▶ **WORK INSTRUCTION**: Pictures aside, reproduce exactly each line from the one holding "Oytra Detailing Paint" through the last line of the material, both ends included.

▶ **RECORDED INFORMATION**:
|---|

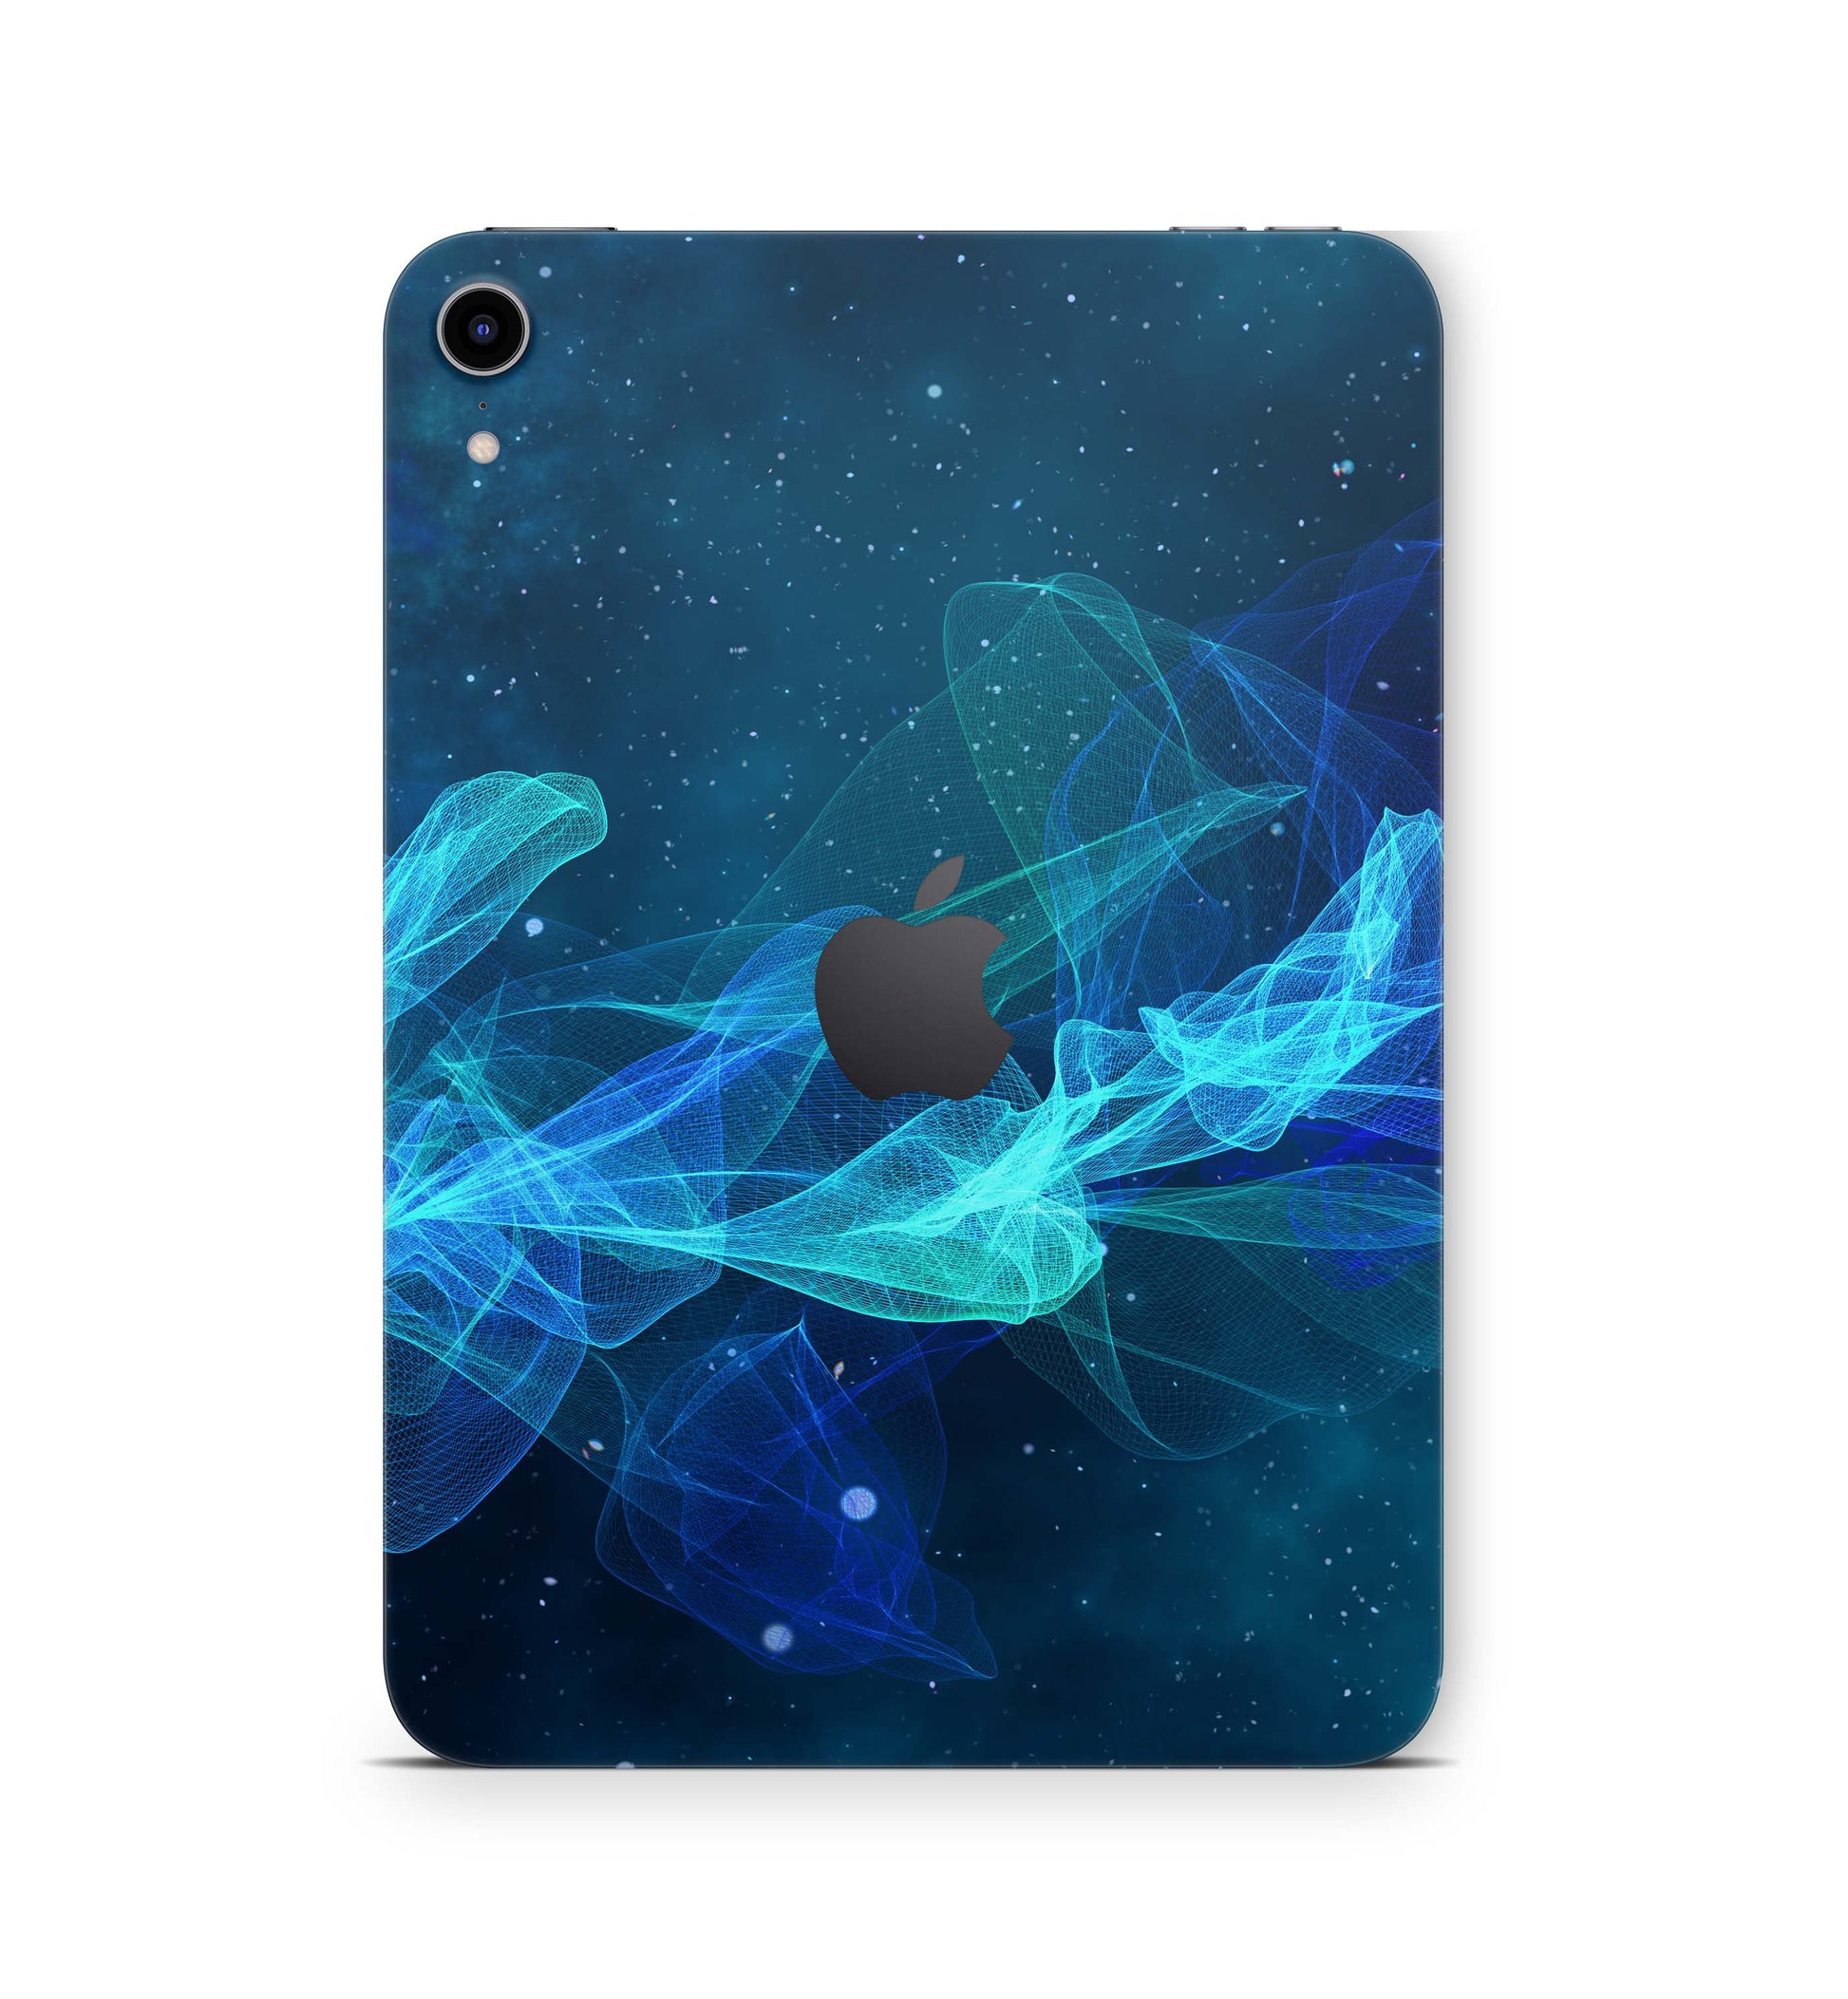 Apple iPad Skin Design Cover Folie Vinyl Skins & Wraps für alle iPad Modelle Aufkleber Skins4u Star-Spiral  
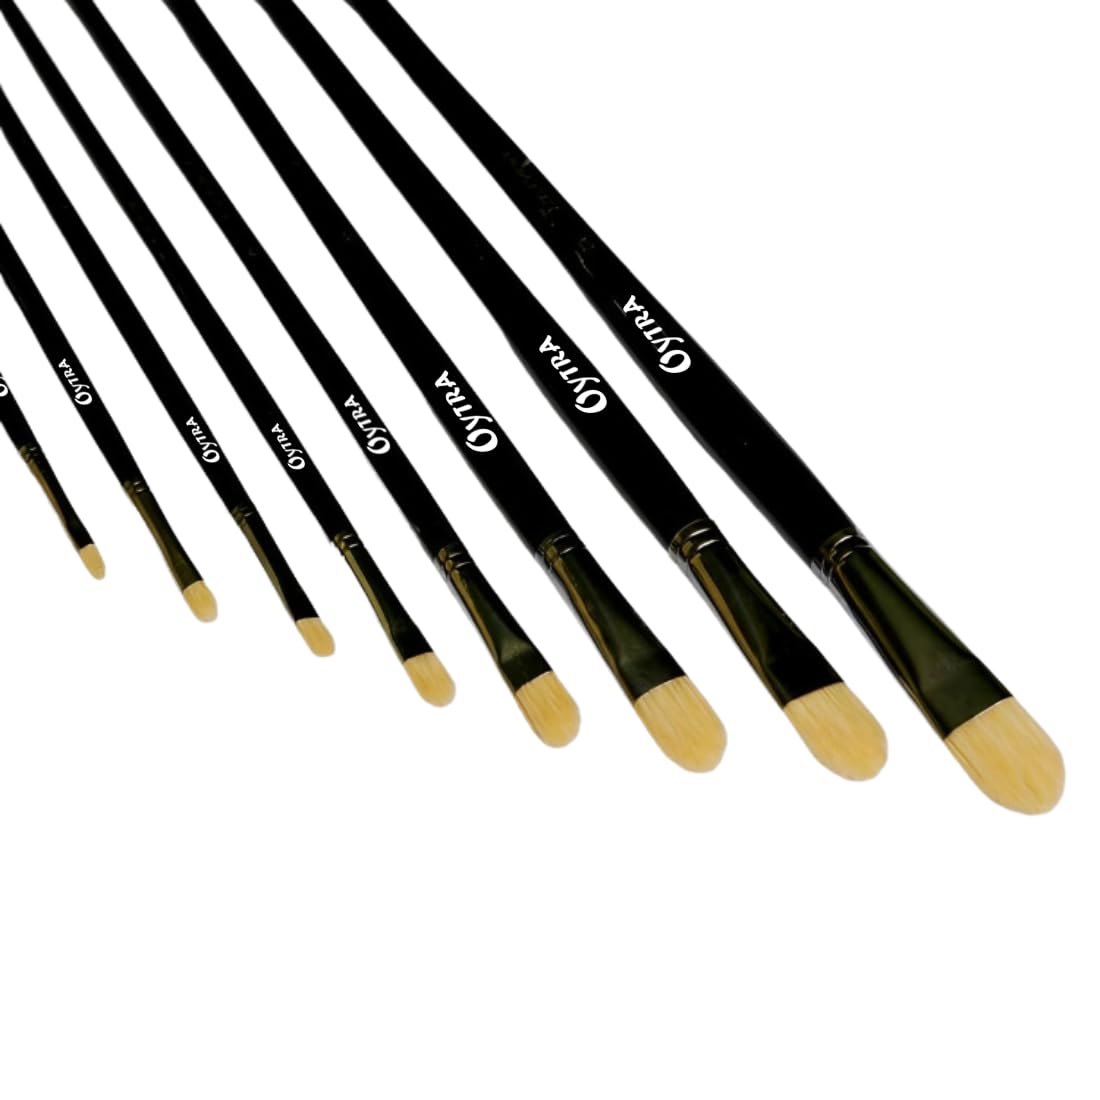 Oytra Detailing Paint Brushes Set - 5pcs Professional Miniature Liner
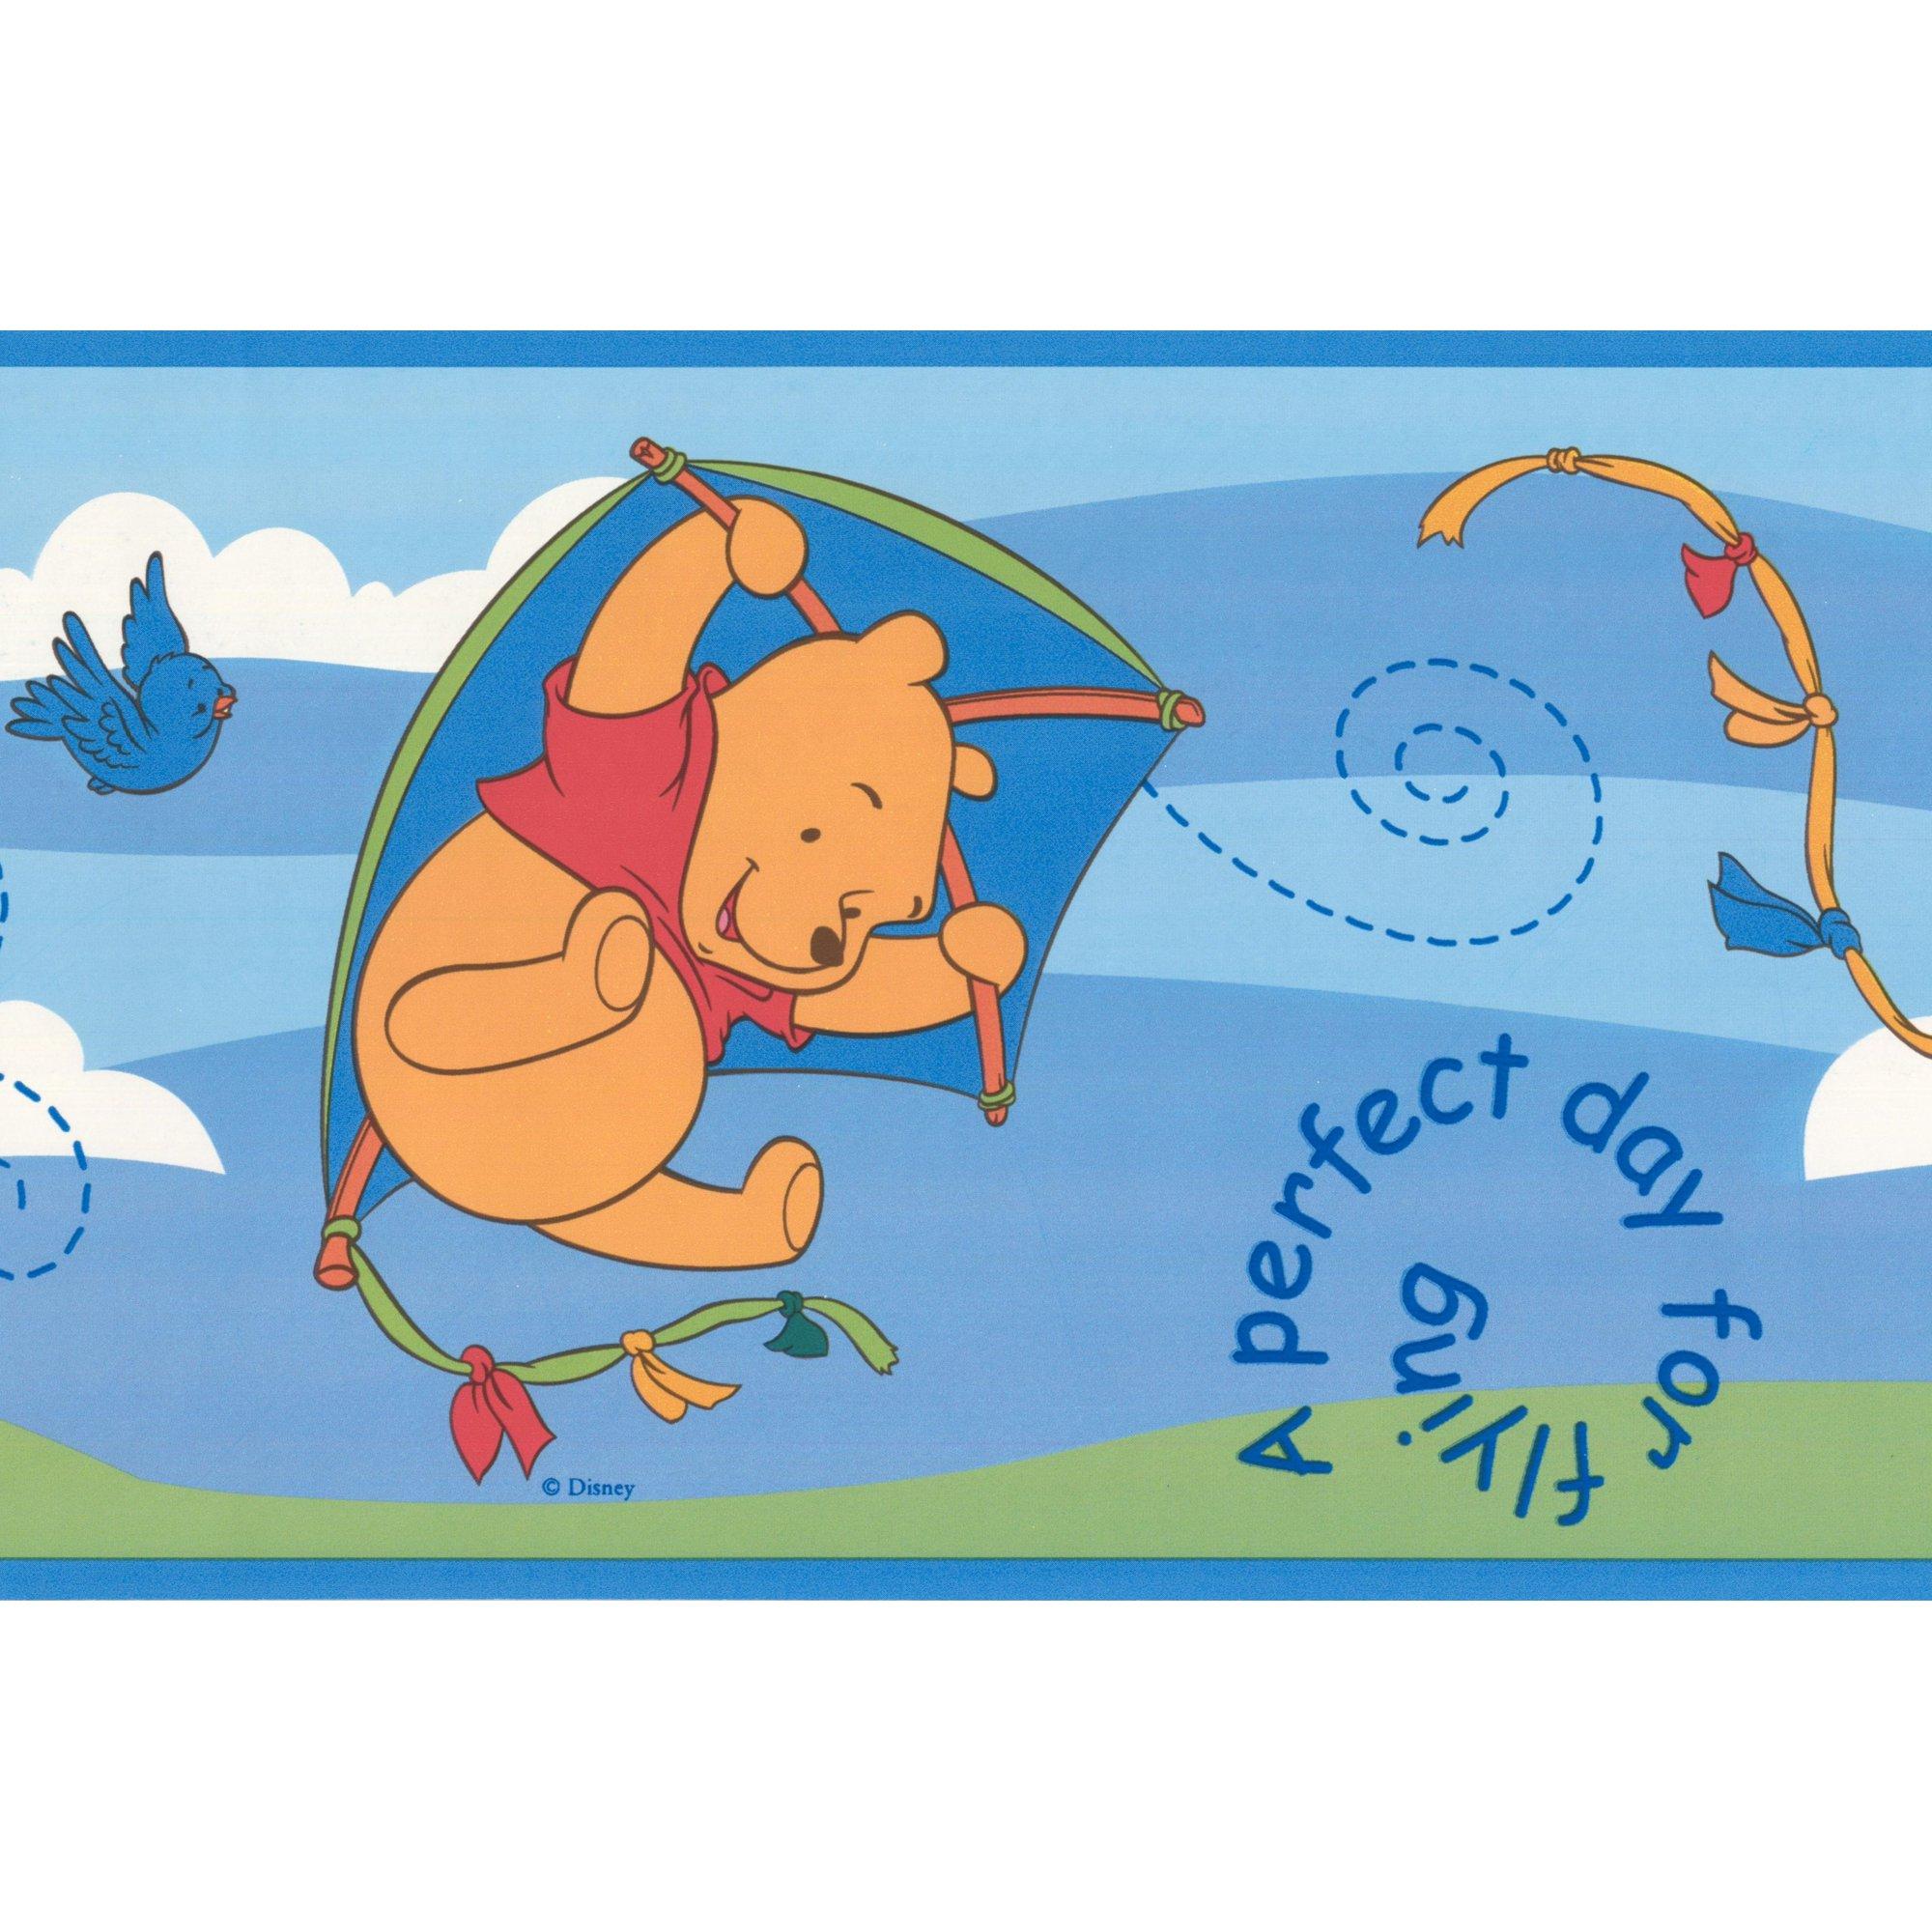 Tiger Winnie the Pooh Disney Cartoon Wallpaper Border

|---|

▶ **RESPONSE**:
 Oytra Detailing Paint Brushes Set - 5pcs Professional Miniature Liner
 Tiger Winnie the Pooh Disney Cartoon Wallpaper Border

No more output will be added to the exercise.